I was so in pain that I started to have problem breathing, I knew if I wasn’t sent to the hospital immediately, it would be a one-way ticket for and my child to the afterlife.

At this point, I was really angry. Lance played with my trust once again, he’s really forcing me to die, wasn’t he?

If I had known this day would come, I would have killed him in his sleep.

I was afraid, but I was also afraid when I tried to kill myself for the first time. A person who nearly died once, would be even terrified of dying. I didn’t want to die.

My father crossed my mind. I always thought of him, because whenever my father’s face appeared in my mind, at least I know that someone actually loved me for who I am, unconditionally.

I thought about Leo Mason. My love for him still didn’t disappear completely even after we hurt each other.

I thought since I was going to die, just let me think and miss him more.
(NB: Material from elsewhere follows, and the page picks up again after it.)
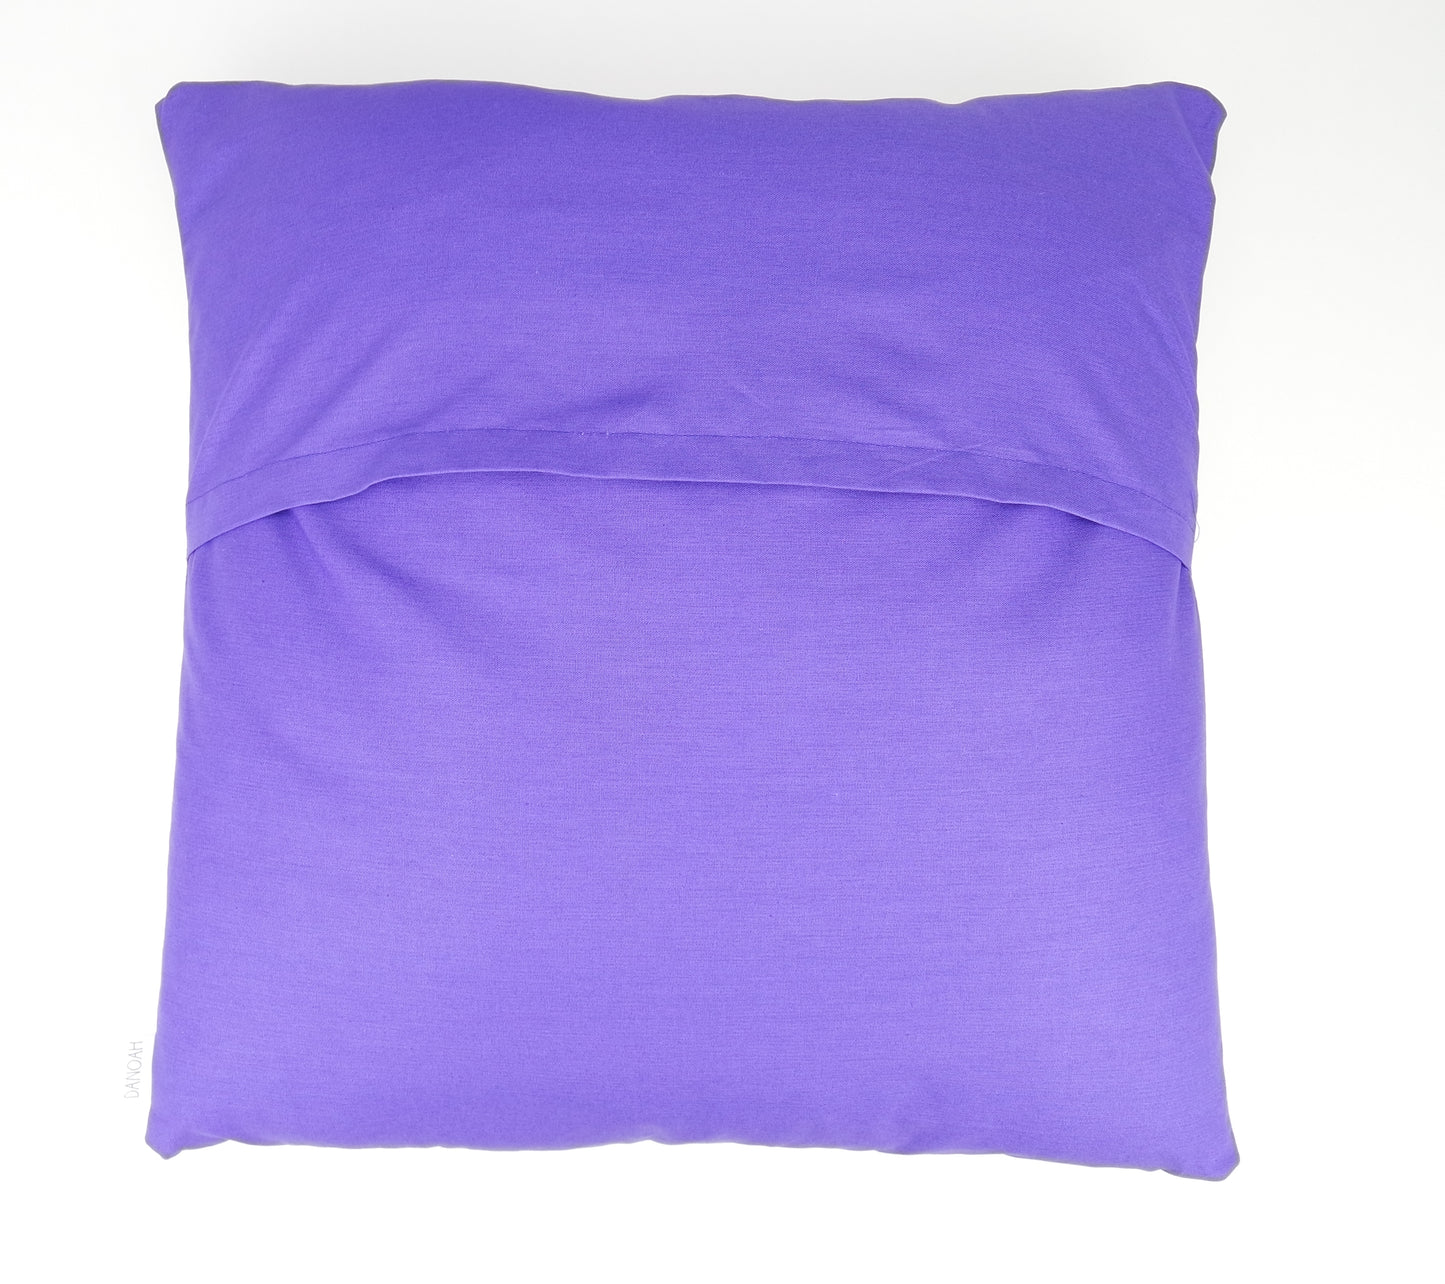 Dreamcatcher Cushion Cover

The journey from the mansion to the hospital seemed to be very long, I was so worried that my tears started to form. I wanted to ask the driver if he could speed up, I wanted to live!

But no matter how hard I tried, I couldn’t open my mouth and speak! I could only cry. The butler put his hand around me and comforted me. “It’s going to be alright, stay strong.”

They always say, mothers will love their own children no matter what.

But right at this moment, I couldn’t bring myself to love this child. I knew he was very pitiful, his father abandoned him too.

 

I felt the car stopped moving and someone was moving my body. “Hurry! To the ER, NOW!” someone yelled.